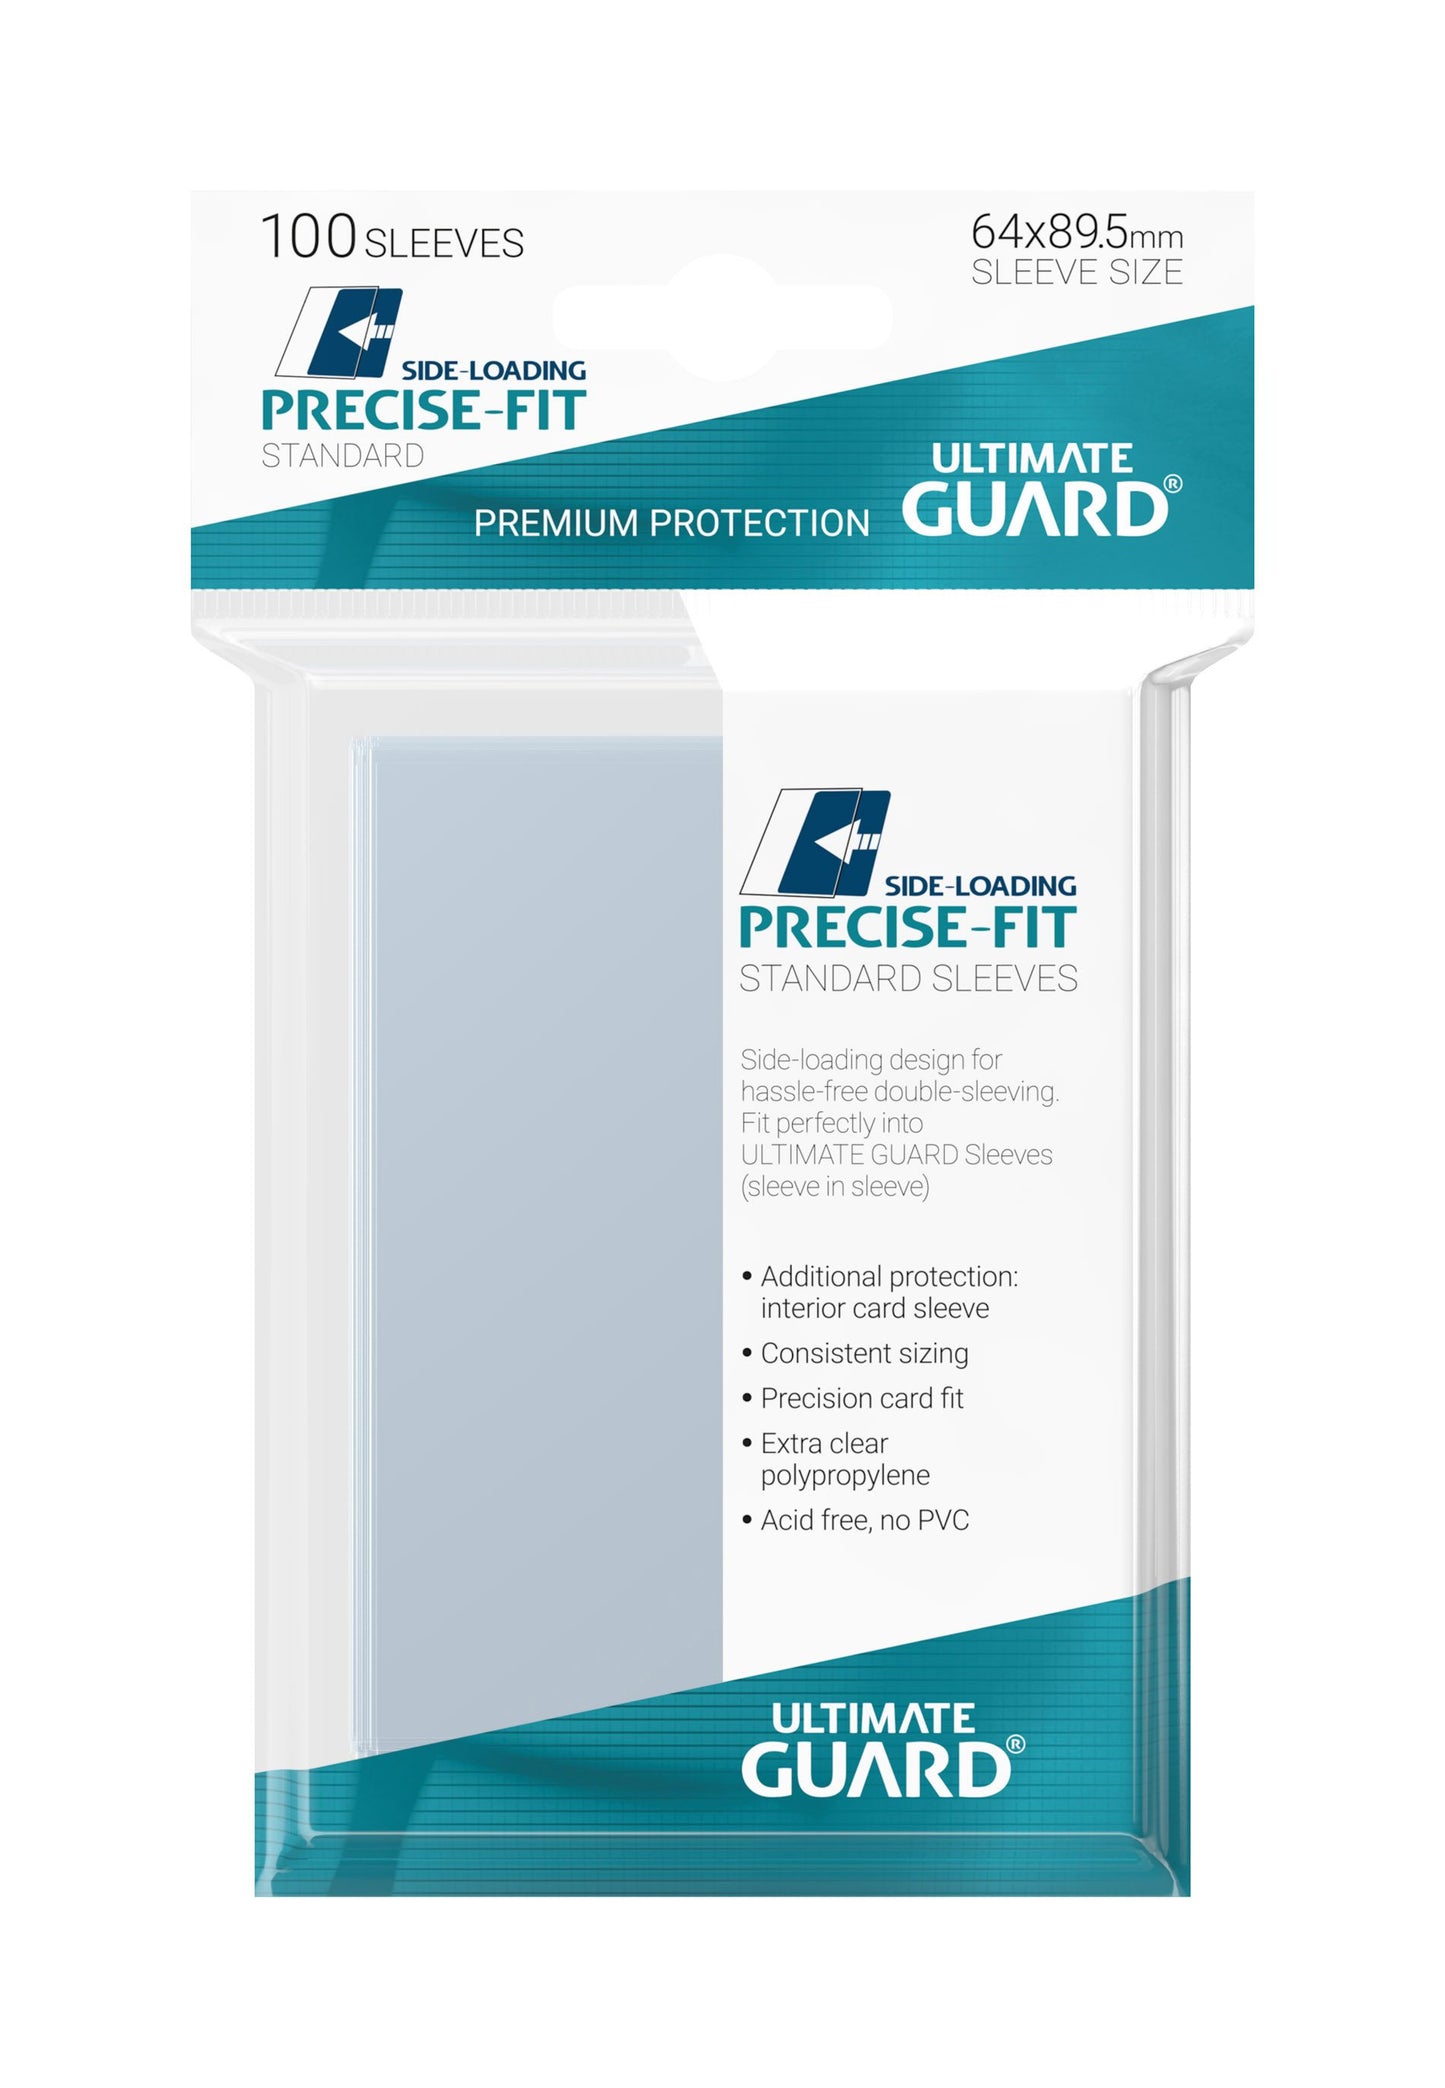 Ultimate Guard - Standard Size Sleeves - Precise-Fit Sideloading (100)
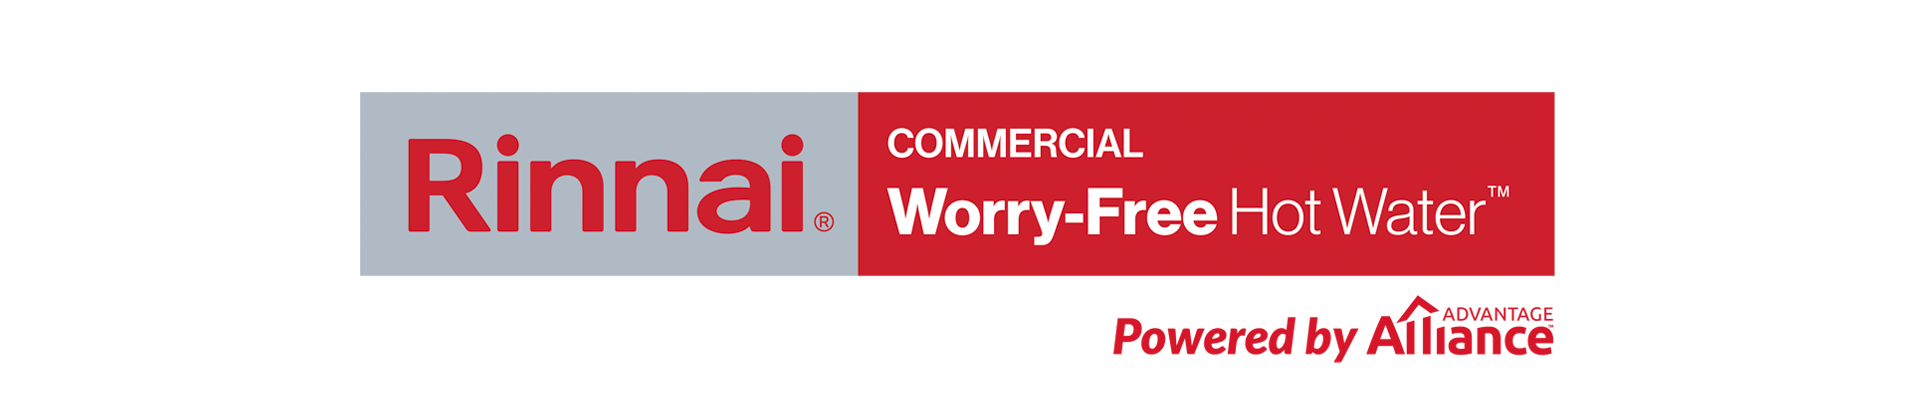 Commercial Worry-Free Hot Water Leasing Logo Hero
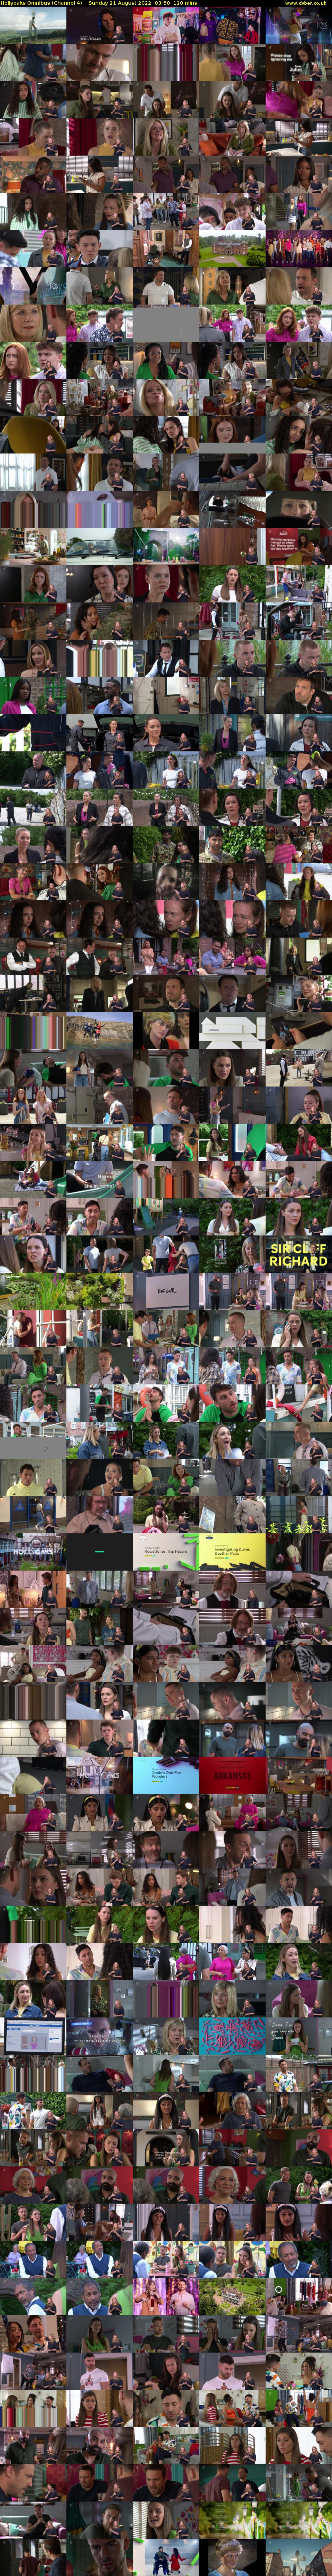 Hollyoaks Omnibus (Channel 4) Sunday 21 August 2022 03:50 - 05:50
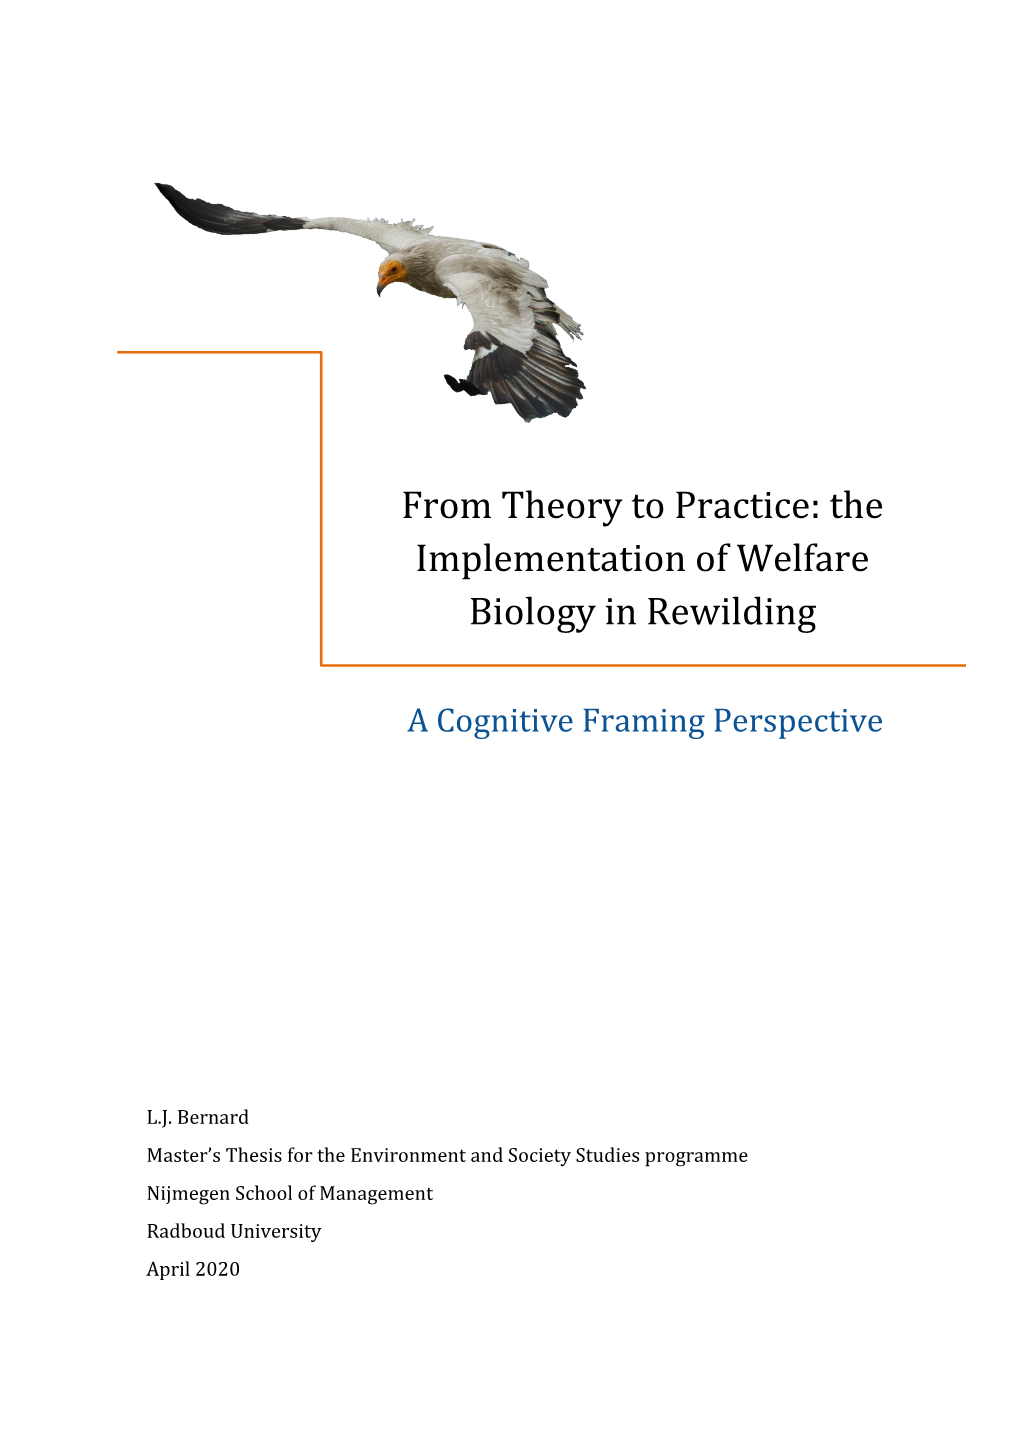 The Implementation of Welfare Biology in Rewilding
*****
** EXERCISE GOAL **
All of the material above is to be retyped verbatim, with its pictures omitted.

** OUTPUT FOR THIS EXERCISE **
 Ultimate Guard - Standard Size Sleeves - Precise-Fit Sideloading (100)
 Commercial Worry-Free Hot Water Leasing Logo Hero
 Hollyoaks Omnibus (Channel 4) Sunday 21 August 2022 03:50 - 05:50
 The Implementation of Welfare Biology in Rewilding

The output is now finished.